Faut-il voir “Iris”, la comédie (presque) romantique de Doria Tillier ?
En six épisodes, l’actrice devenue créatrice ausculte les avancées et reculs d’une trentenaire inadaptée au bonheur – à moins que les autres ne le soient ? Une bonne idée, mais une série très inégale.
Actrice chez Nicolas Bedos, Alain Guiraudie ou encore Quentin Dupieux, Doria Tillier se lance cette fois pour elle-même avec sa première création, Iris. Une série qu’elle coréalise, coécrit, et dont elle joue le rôle principal, une institutrice trentenaire en passe de publier un livre pour enfants ambitieux, qui se promène dans la vie avec un problème de vérité. Elle dit aux autres ce qu’elle pense, sans pincettes, sans voir le problème, se sentant toujours un peu à côté. Est-ce elle qui reste inadaptée au bonheur, ou les autres qui ne le cherchent pas assez bien ? Un beau sujet.

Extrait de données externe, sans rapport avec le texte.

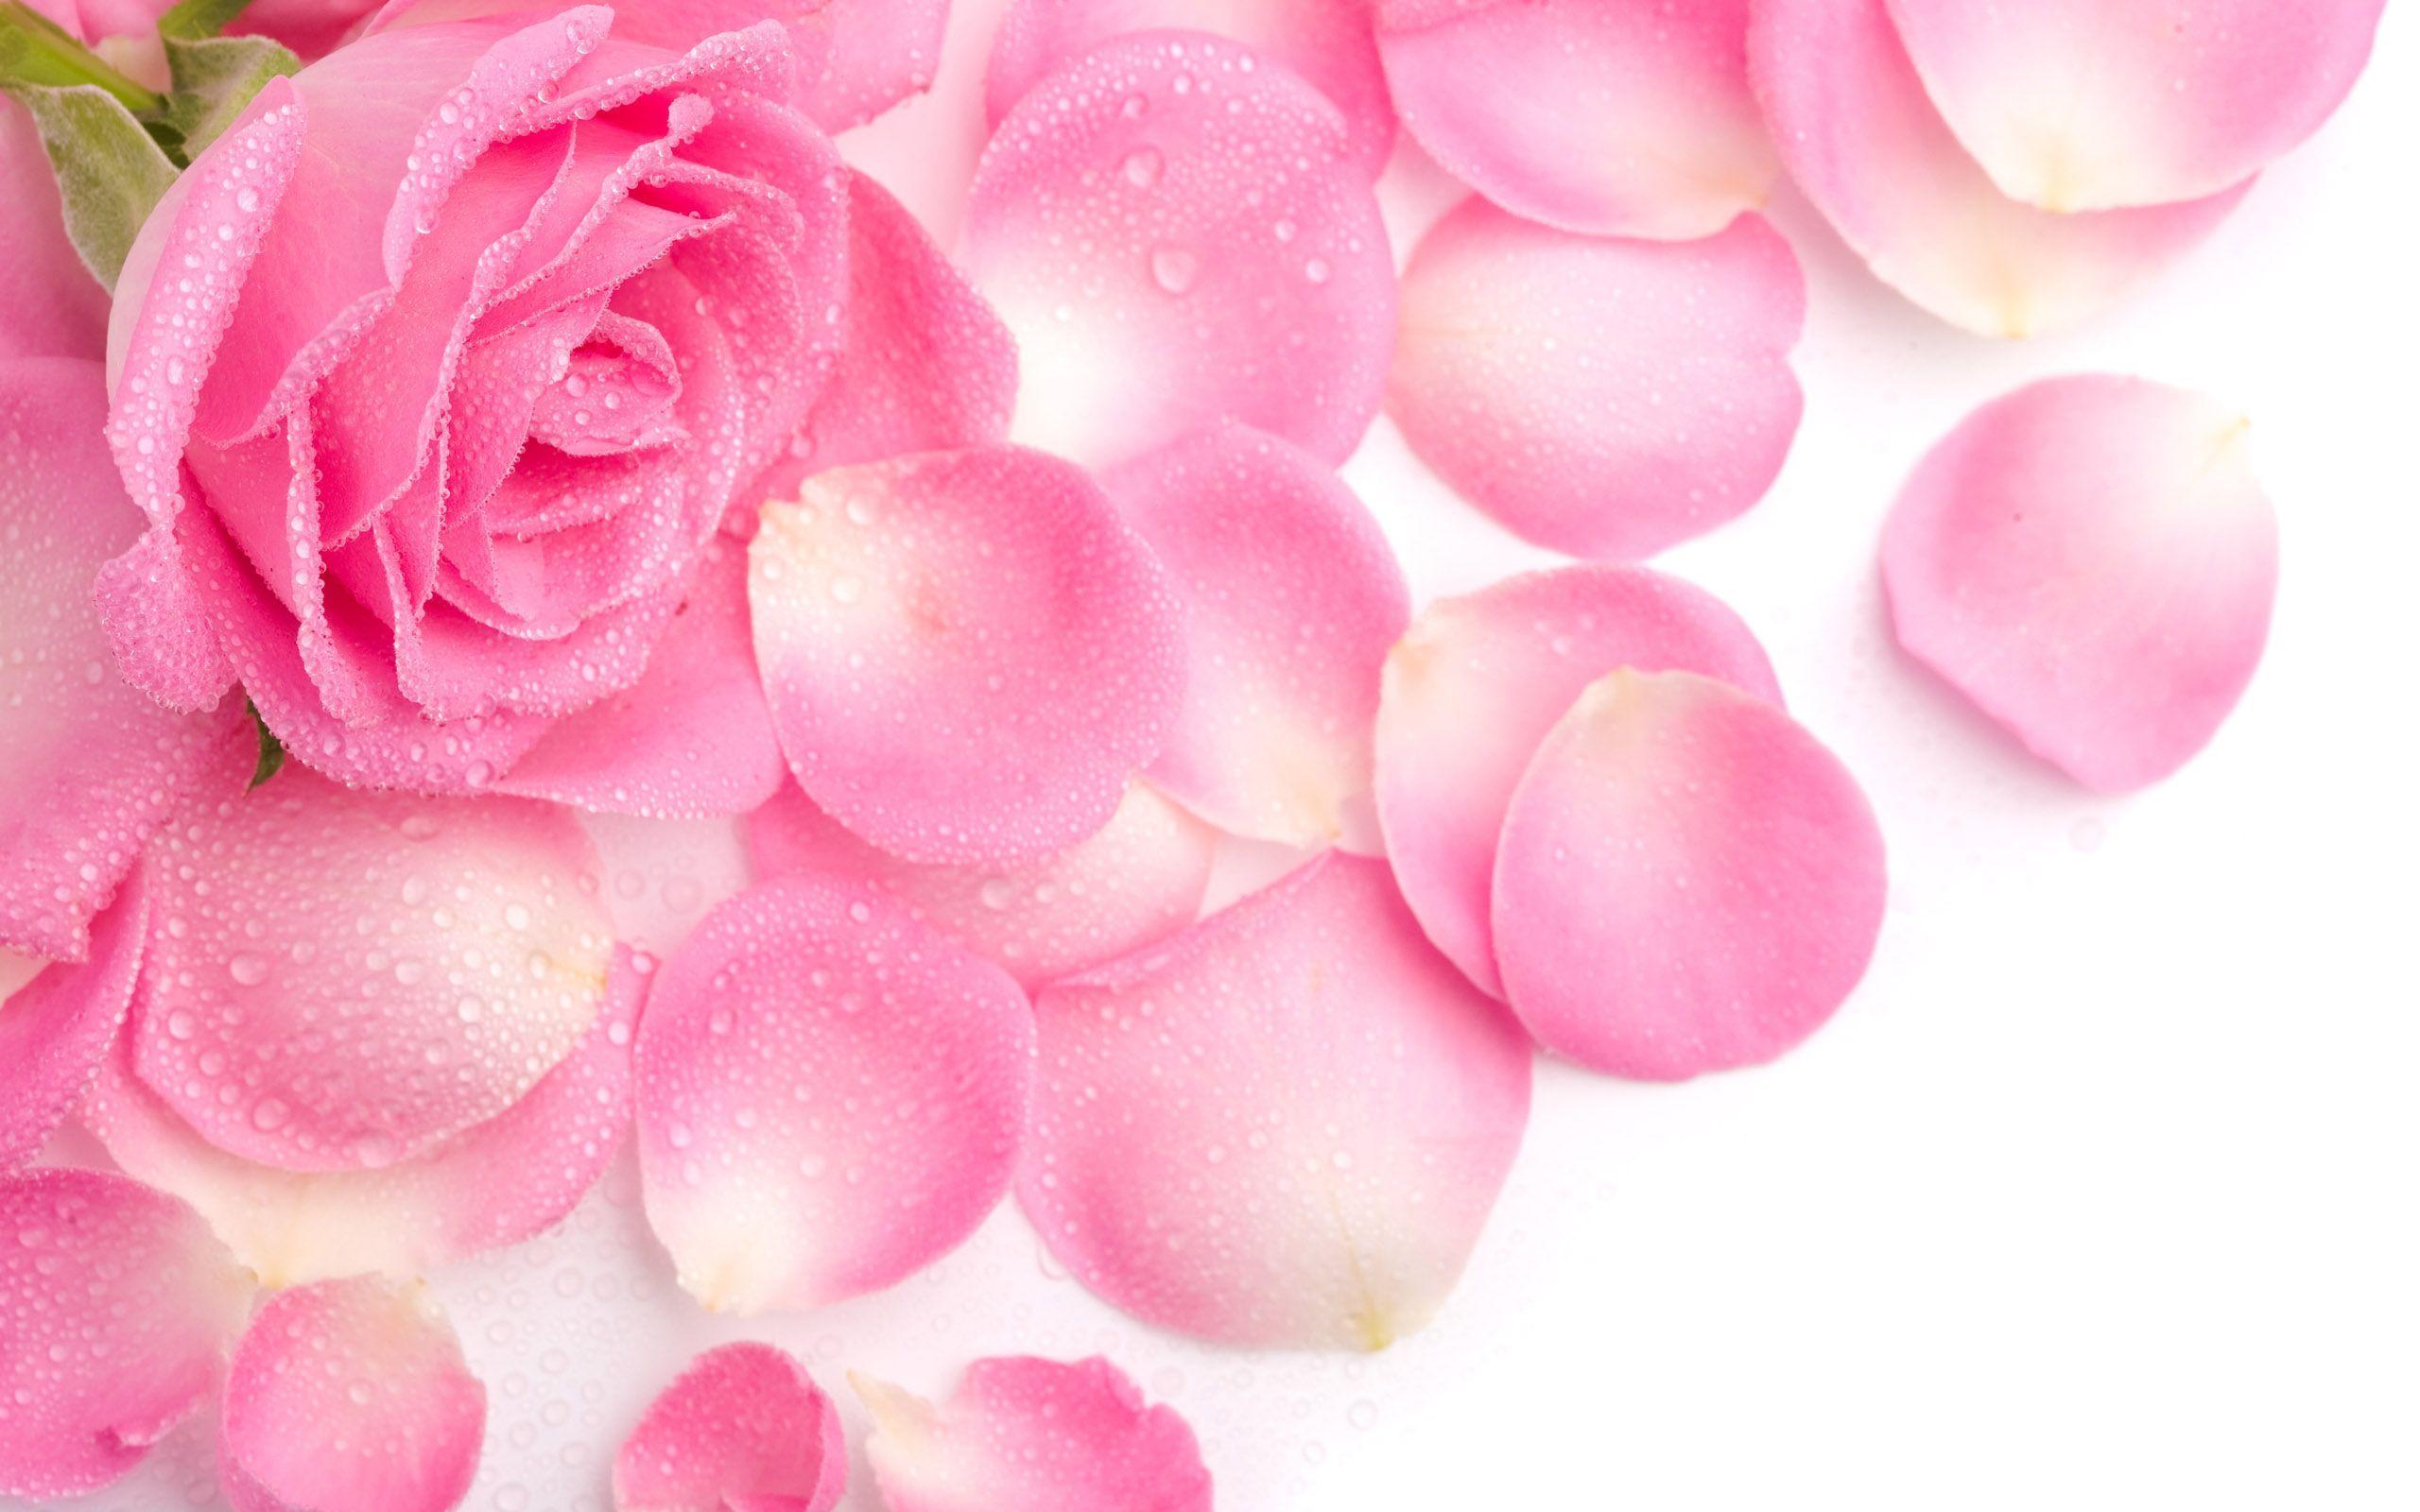 Rose Flower Wallpaper. Free Desk Wallpaper

Doria Tillier place la barre assez haut dans ce récit à la fois personnel et burlesque, où l’on reconnaît les influences conjuguées et peut-être contradictoires de Larry David – le grand escogriffe misanthrope de Curb Your Enthusiasm – et de Phoebe Waller Bridge, la créatrice de la plus belle autofiction contrariée des dix dernières années, Fleabag évidemment. Un acteur/créateur et une actrice créatrice qui placent le corps au centre de leur œuvre, ce que Tillier ne fait que par intermittence.
Trop sage
Dans l’épisode 3 (le plus abouti avec le quatrième), Iris se retrouve dans une soirée mondaine de l’édition qui vire à la cata. À cause d’un chien, elle finit en combi gênante, après avoir enchaîné les bêtises en mode The Party de Blake Edwards, toutes proportion gardée. Car les proportions un peu folles qui font les séries et les films au-dessus du lot manquent justement ici. On aurait aimé que les situations explosent, mais la créatrice permet toujours aux scènes de retomber sur leurs pieds, à l’humour de se poser là sans trop déranger, à la dureté – Iris se blesse plusieurs fois – de ne pas s’installer. Ce qui donne à l’ensemble un côté bizarrement sage, bien élevé, presque dans le rang. Un comble pour un tel pitch.
Les tentatives de trouver un style, pourtant, existent. La présence de Jeanne Balibar apporte de la bizarrerie et de l’élégance, mais pas assez souvent ni assez loin. On pense aussi à certains effets de montage un peu troublants à la fin du deuxième épisode, qui donnent une épaisseur formelle bienvenue mais trop rare à la série.
Comédie romantique
Les sujets à creuser ne manquaient pas. Celui du rapport d’Iris à son corps et à la sexualité, qu’elle a manifestement laissé se congeler, sans que cela ne soit problématisé ni rendu sensible – la première saison de Fleabag était, elle, exemplaire sur ce point. Nous regardons une femme manifestement endiguée, sans en percevoir les abîmes. Il y a aussi l’amour qui tombe mal, incarné par la rencontre de l’héroïne avec un homme de quasiment trente ans de plus qu’elle (François Morel), dont la série fait une quasi comédie romantique un peu convenue.
Il fallait sans doute du cran pour proposer un personnage féminin antipathique et Doria Tillier l’a eu. Cela ne suffit pas à faire d’Iris beaucoup plus qu’une auscultation des petits manquements humains, pas assez enthousiasmante dans son déploiement.